Tenenbaum Flat on Taxes
I just received an email from S.C. Superintendent of Education Inez Tenenbaum warning me of oncoming taxpayer doom should her opponent, U.S. Rep. Jim DeMint, be elected to fill the seat of retiring U.S. Sen. Ernest Hollings. DeMint has been secretly supporting a radical, draconian tax scheme that, if I remember the email correctly, would raise taxes on one-third of all South Carolinians, provide unfair tax relief for the wealthy, and eventually cause a trade war on the planet of Naboo, resulting in the clone war and the end of the republic.
Not that the Tenenbaum campaign was over-reacting.
My "voter alert!" email from Tenenbaum let me know that Jim "Tax Cuts for the Rich" DeMint had proposed the total elimination of the Internal Revenue Service and the federal income tax, to be replaced with a national sales tax. The horror of life in the United States without a friendly, federal tax auditor peering into our paychecks is too much for the Tenenbaum campaign to imagine:
"DeMint's proposal would dramatically increase costs for all consumer goods and services ‹ homes, rent, cars, food, clothing, even health care and government services like public education." I suppose it's a waste of time to point out to liberal Democrats that, when the feds confiscate 30 percent of my income right out of my check, they've already taxed my "homes, rent, cars, food, clothing," comic books, cable TV, inflatable female companions and every other thing I would have spent my own money on if Inez's pals at the IRS hadn't snatched it.

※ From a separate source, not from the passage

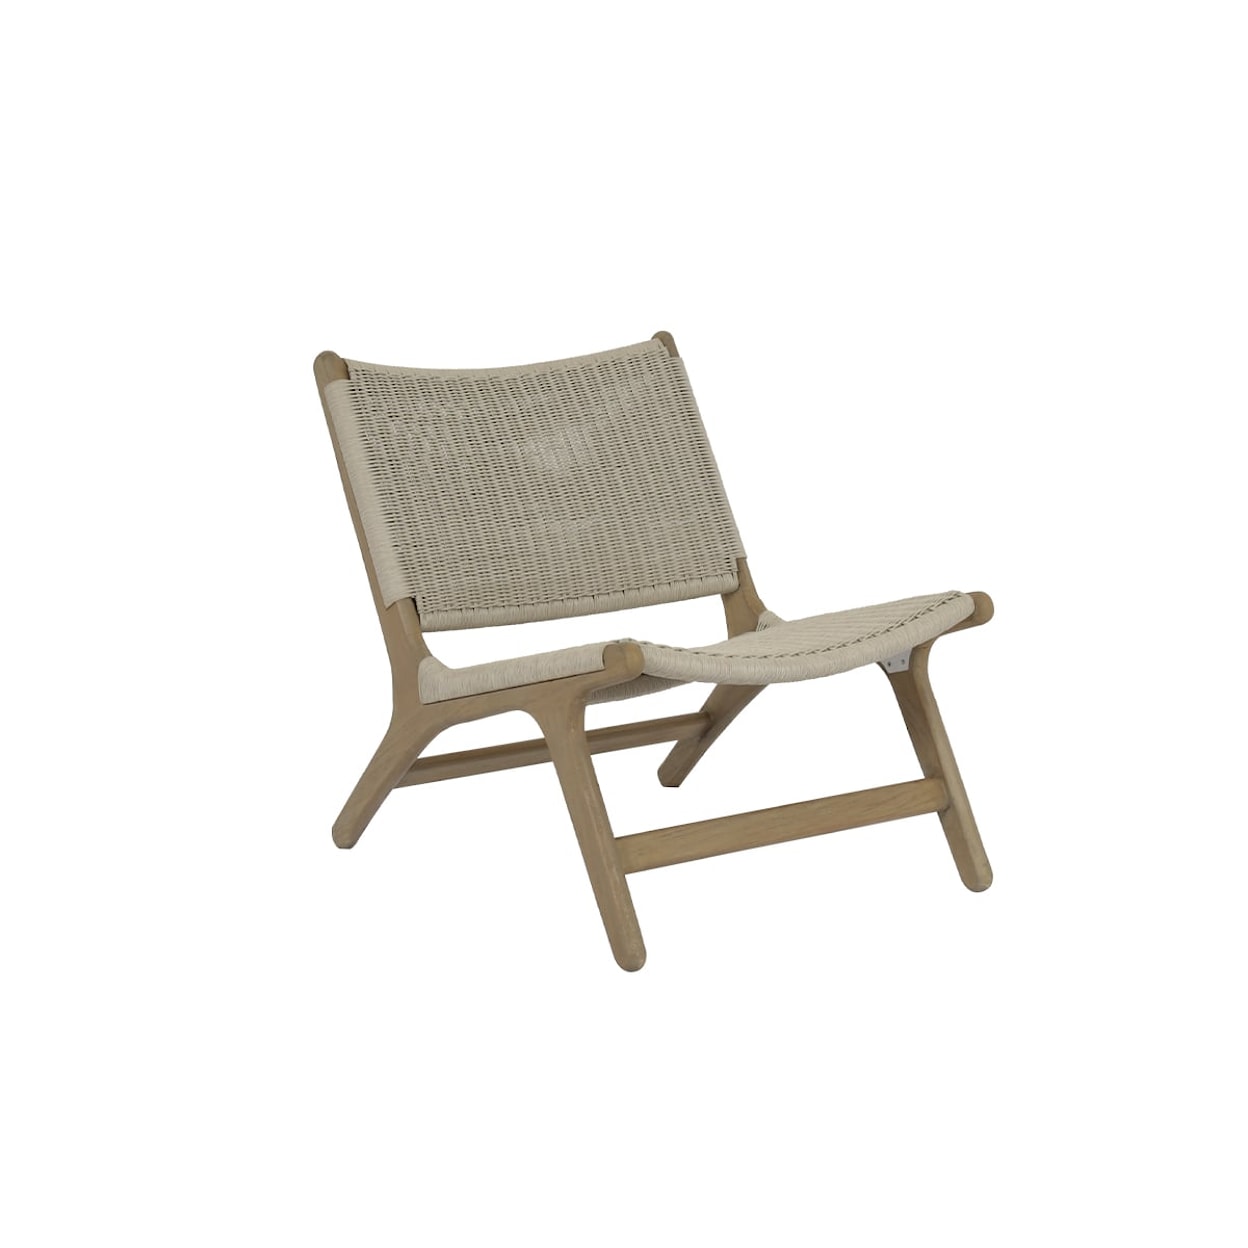 Sunset West Coastal Teak Upholstered Accent Chair

Setting aside the outrage that inflatable friends are not tax deductible (according to my accountant, anyway), the idea of a national sales tax, or a flat income tax or a "value added tax (VAT) is to get the government completely out of the income-counting business. All that would matter is how much you spend, instead of how much you earn.
Inez Tenenbaum only supports modifying the current tax code (just what we need ‹ more new tax laws!) and ensuring that the rich, as the liberal mantra goes, "pay their fair share."
Here's the key difference between DeMint and Tenenbaum on taxes: DeMint is talking about something that is never going to happen, while Tenenbaum doesn't know what she's talking about at all.
Jim DeMint is off in low-tax la-la land when he dreams of ending the IRS. There's no way that liberals, lawyers and April 15th-loving accountants will let this legislation see the light of day. For people who believe in a very big, very powerful government, no tool is more important than the ability for some bureaucrat to be able to show up at your house and take all your stuff. If the government can't use the tax code to reward its friends and punish its foes ‹ well, how is it supposed to have any fun at all?
But that's fantasy. I think it's worth taking a few moments to introduce Tenenbaum and her friends on the Left to a little taxpayer reality.
Let's say for a moment that Inez is right that a DeMint-style national sales tax of 9 or 15 or 23 percent would, after eliminating all federal taxes, still raise taxes overall on 30 percent of South Carolinians. What would that tell us about South Carolina? It would show that a significant number of people here pay little or no federal income taxes.
And it's true. South Carolina is a relatively poor state that takes far more out of the federal treasury than we put in. Nationally speaking, South Carolina is the drunk brother-in-law lying on the sofa watching Cops re-runs who needs to go out and get a job.
Don't feel bad, though. It turns out that, according to a recent study by the Tax Foundation, the number of tax filers who will pay no federal income tax is a record-setting 44 million. And while Democrats keep talking about Bush's "tax cuts for the rich," the share of Americans who have to file income taxes but either pay nothing or get a handout (the Earned Income Tax Credit, which is tied to poverty) has jumped from 23 percent in 2000 to an estimated 33 percent in 2004.
More people are paying zero federal income taxes. South Carolina has an unusually large number of these people. So if we aren't paying the federal tax bill, who is? Why, rich Yankees, of course!
Yes, according to a new report from the Congressional Budget Office, you owe your federally subsidized school bus and cheap food and public radio and FBI to the evil, money-grubbing, Enron-loving, single-malt-scotch-buying rich. Every time some Democrat says he wants the rich to pay "their fair share," Bill Gates and Warren Buffett look to heaven and say, "From your lips to God's ear."
There are plenty of reasons to oppose an income tax (personally, I prefer a national property tax, but that's a topic for another time), but fear of the tax-dodging rich is not one of them. Right now the rich pay far more than their share in taxes. Most Americans probably agree with the Democrats that this is a good thing.
But that doesn't make it fair and it certainly doesn't make it right. To accuse Jim DeMint of trying to rip off the people who pay nothing by proposing that everyone pay the same percentage of something is particularly unfair.